Speeds & Feeds & Deflection, Oh My!

A few threads on CNC Routers inspired me to share a little of what I learned about machining.

Feeds & Speeds is a hotly debated topic amongst wood and metal workers. Feeds is the cutting movement rate, generally in inches per minute, and Speeds is the rotating speed of the cutting bit, in RPM. Deflection is how much the cutting bit bends while cutting: All tools bend, and if they bend “too much” they break.

Speed is limited by your machine to a minimum and maximum. For my Hitachi router, minimum is 8000 and maximum is 24000 RPM. An adjustable speed router or spindle is really valuable if you plan on cutting a variety of materials.

Feed is determined by several variables: The cutting bit’s “Chip Load” recommended by the manufacturer, the number of cutting edges (Flutes) the bit has, and the router or spindle speed. Chip Load is the amount of material each tooth of the cutting bit removes. Typical chip loads are between 0.001” and 0.010”. Too small of a chip load, and the bit “rubs”, meaning it ‘skates’ over the material surface without cutting, leading to excessive heat and broken bits (as well as poor quality cuts). Too large of a chip load and you’re over-stressing the bit, again leading to broken bits. The chips help carry heat away from the cut and tool, so if you don’t know the recommended chip load, call the manufacturer and ask.
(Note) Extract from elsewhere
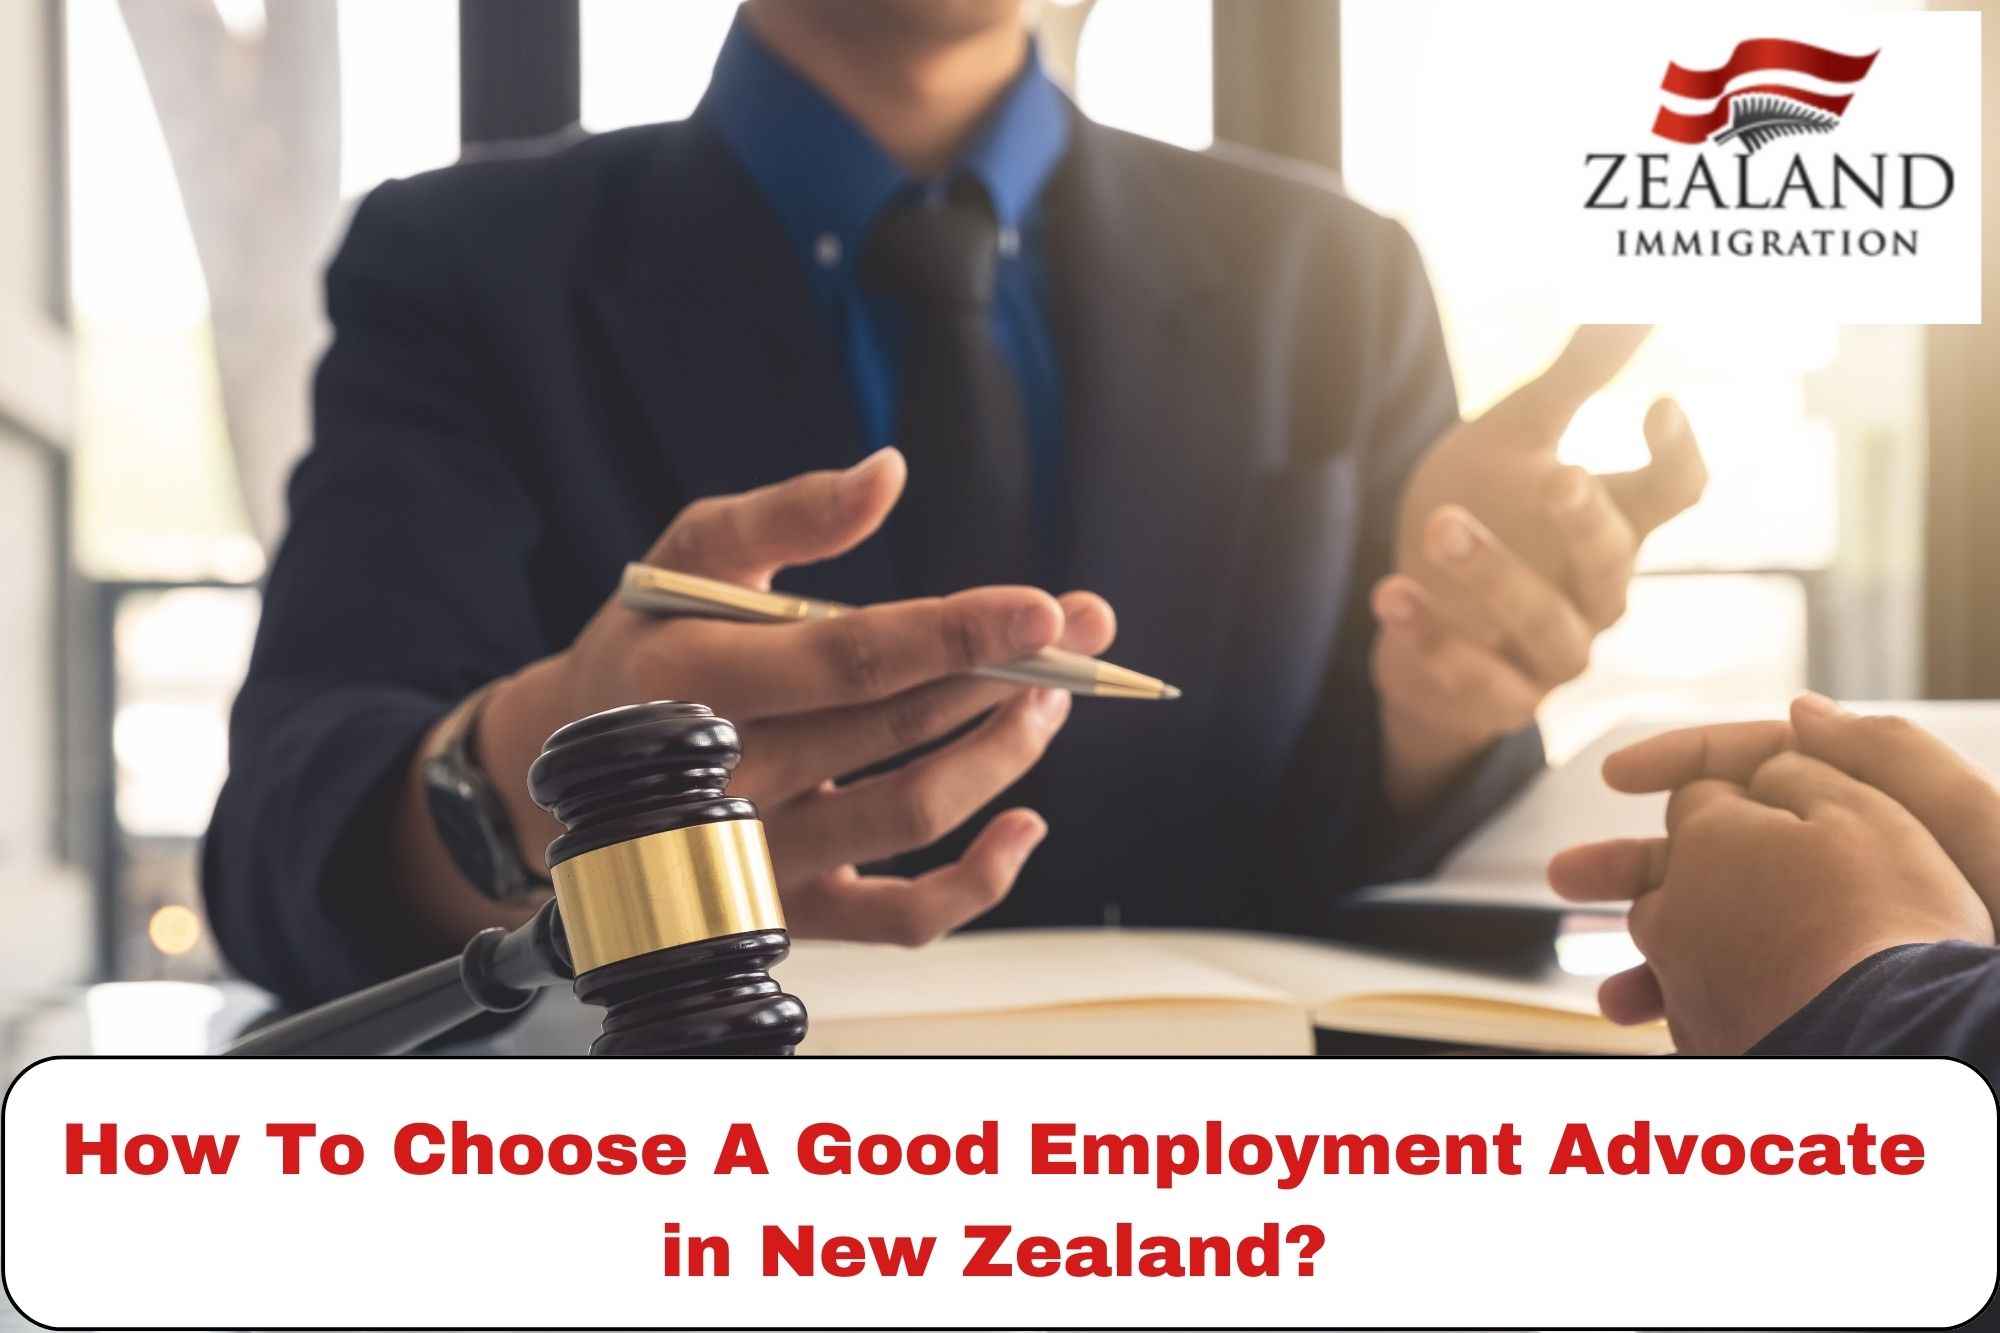 How To Choose A Good Employment Advocate in New Zealand?

OK, so let’s say we need a chip load of 0.003, and we are spinning the bit at 10,000 RPM. If the bit has only one cutting edge, we must move the bit through the material at 30 IPM to get that chip load. If we have a 2-flute bit, the feed must be 60 IPM, and 4-flute needs 120 IPM. The simple formula is Feed = (chip load * flutes) / RPM].
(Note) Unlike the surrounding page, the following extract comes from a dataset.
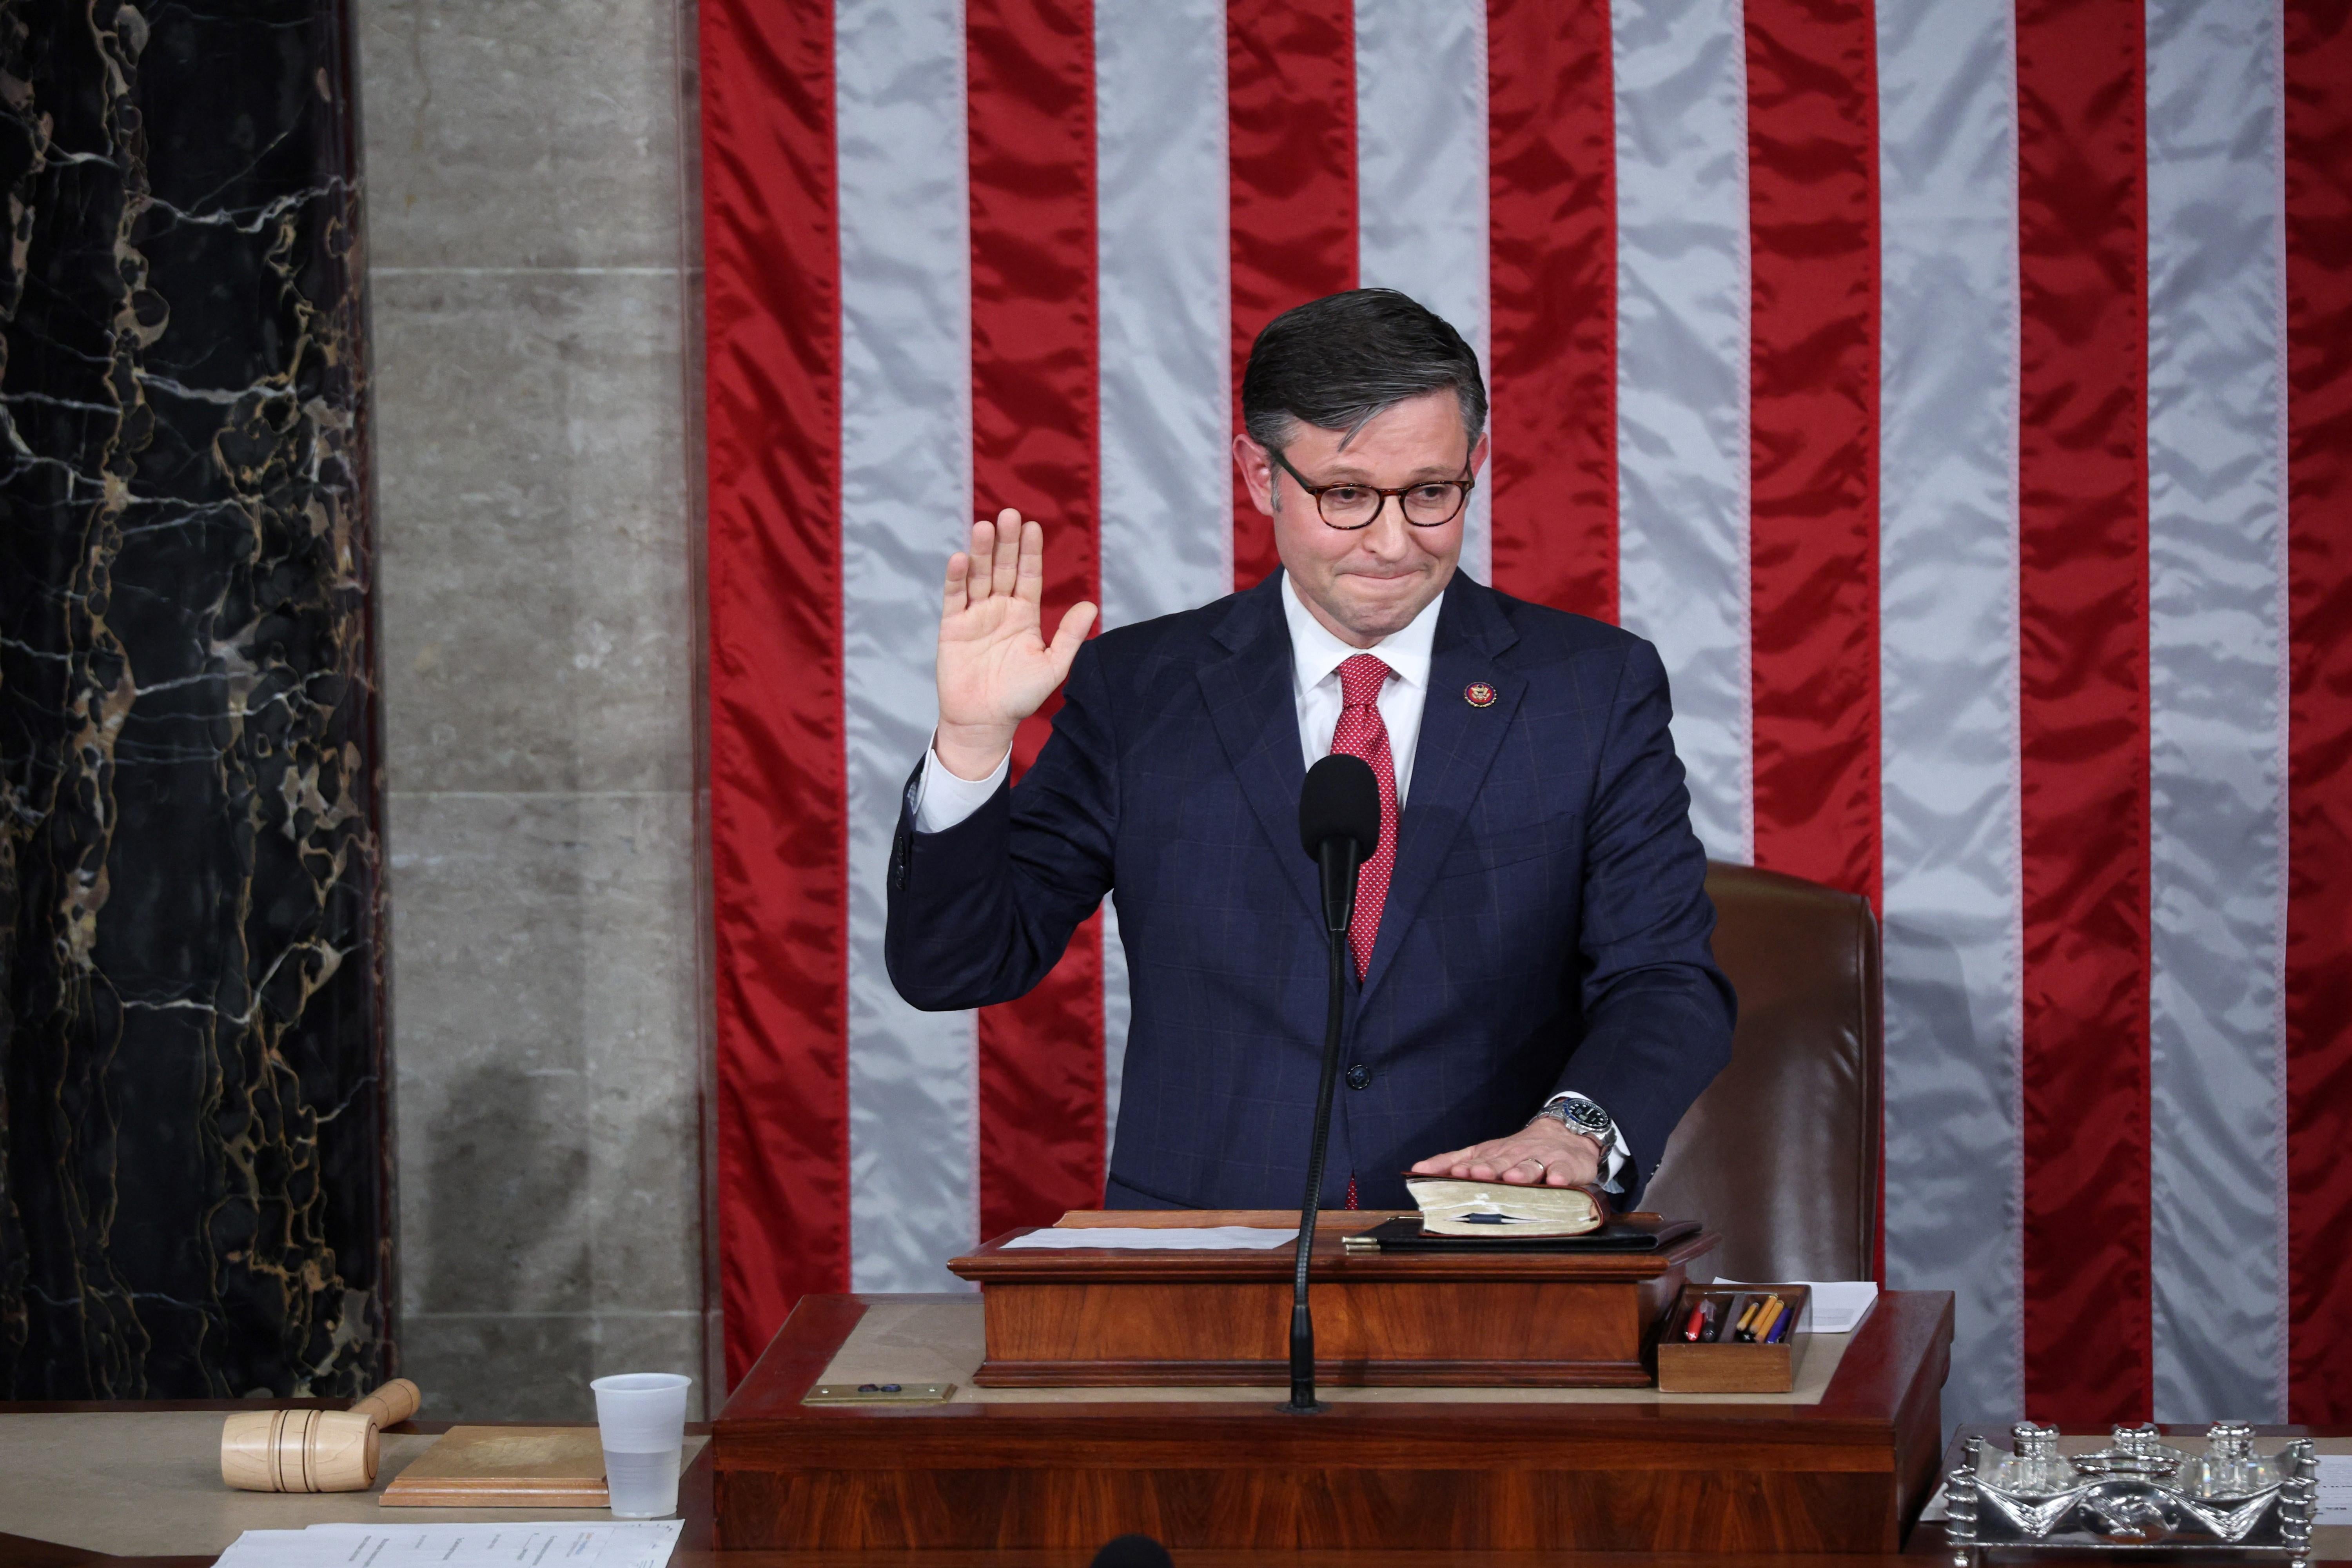 Mike Johnson places one hand on a book and raises his other hand while standing in front of a flag on the dais in the U.S. Capitol.

Really, that’s all there is to speeds and feeds: Maintain the chip load and everything else is good. Almost…

Let’s take that cutter and cut through pink foam at a cutting depth of 1/2”, the material isn’t pushing back on the bit much, so the deflection is almost zero. Now take the same setup cutting aluminum: being a much harder material, it pushes back on the bit a lot, such that moving 30 IPM with a 1/2” Depth-of-Cut (DoC) will surely break the bit. So, once we calculate the Feed & Speed, we must now limit the DoC to keep bit deflection to a reasonable value.
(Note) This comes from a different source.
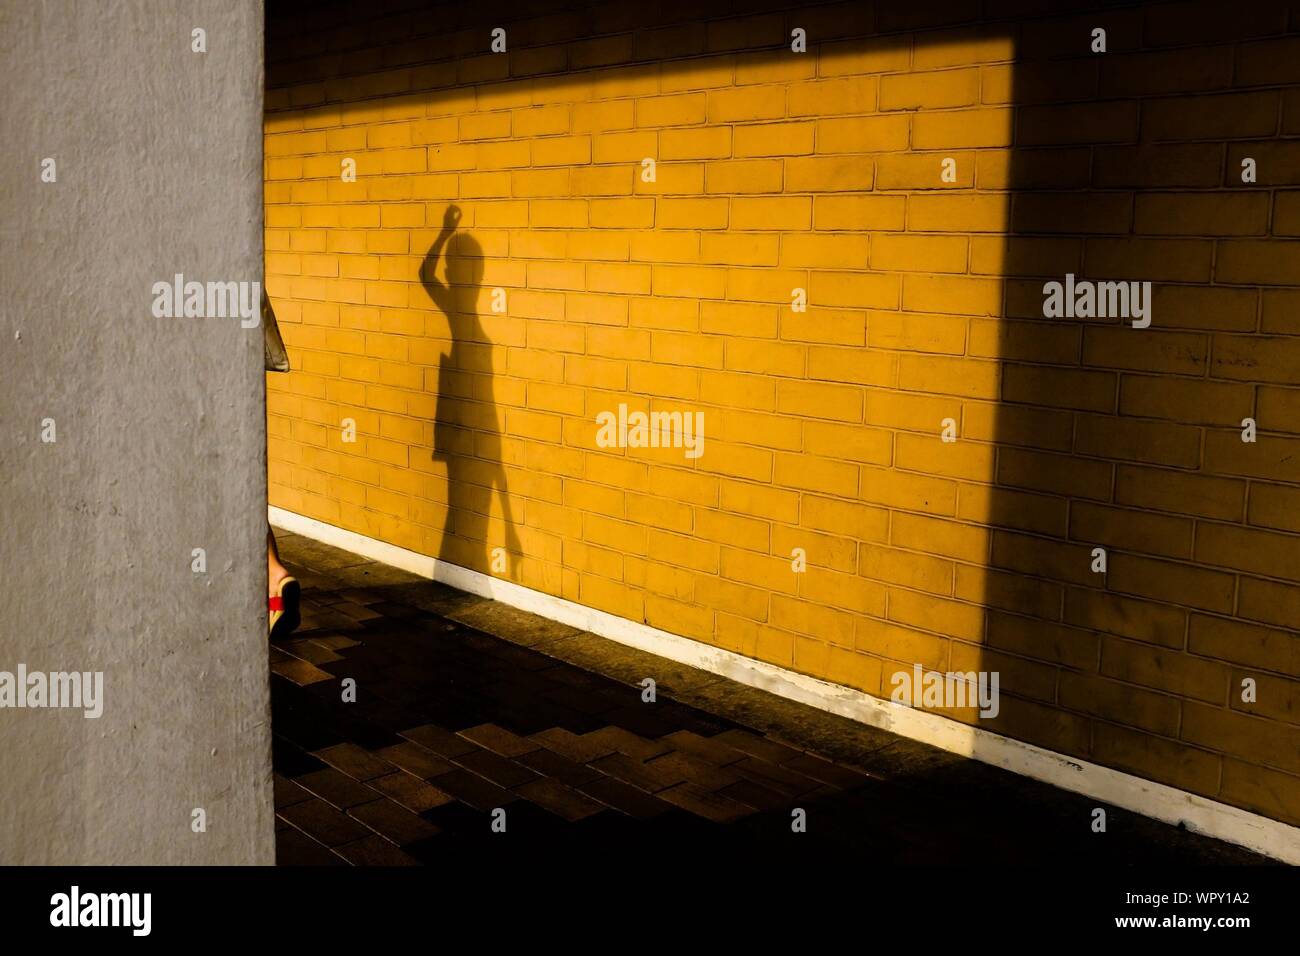 Shadow Of Person On Yellow Brick Wall Stock Photo

Calculating deflection is nontrivial and somewhat counter-intuitive. But, once you calculate it for a given bit and material combination, it stays the same. For those using CNC, you set the parameters into your tool database and you’re good forever. I do my calculations using GWizard, which offers a free trial more than long enough to calculate the entire tool crib.

One other thing about deflection: If your tool is deflecting 0.003”, that means your cut will be off by 0.003” in some direction. I know some teams feel that 1/16” is as tight of a tolerance as necessary, but with CNC tools a few thousandths is not only possible, but usual.

Here are some examples*****:

Using an Onsrud 63-760 (1/8” single-flute carbide bit for Polycarbonate) I can cut at 64 IPM and 10,000 RPM for my chip load, but only 0.020 DoC per pass or deflection goes above 0.001”. But move up to a 3/16” version of the same bit (63-768), I can cut at 64 IPM/8000 RPM, with a 0.0625 (1/16”) DoC. more than 3 times deeper.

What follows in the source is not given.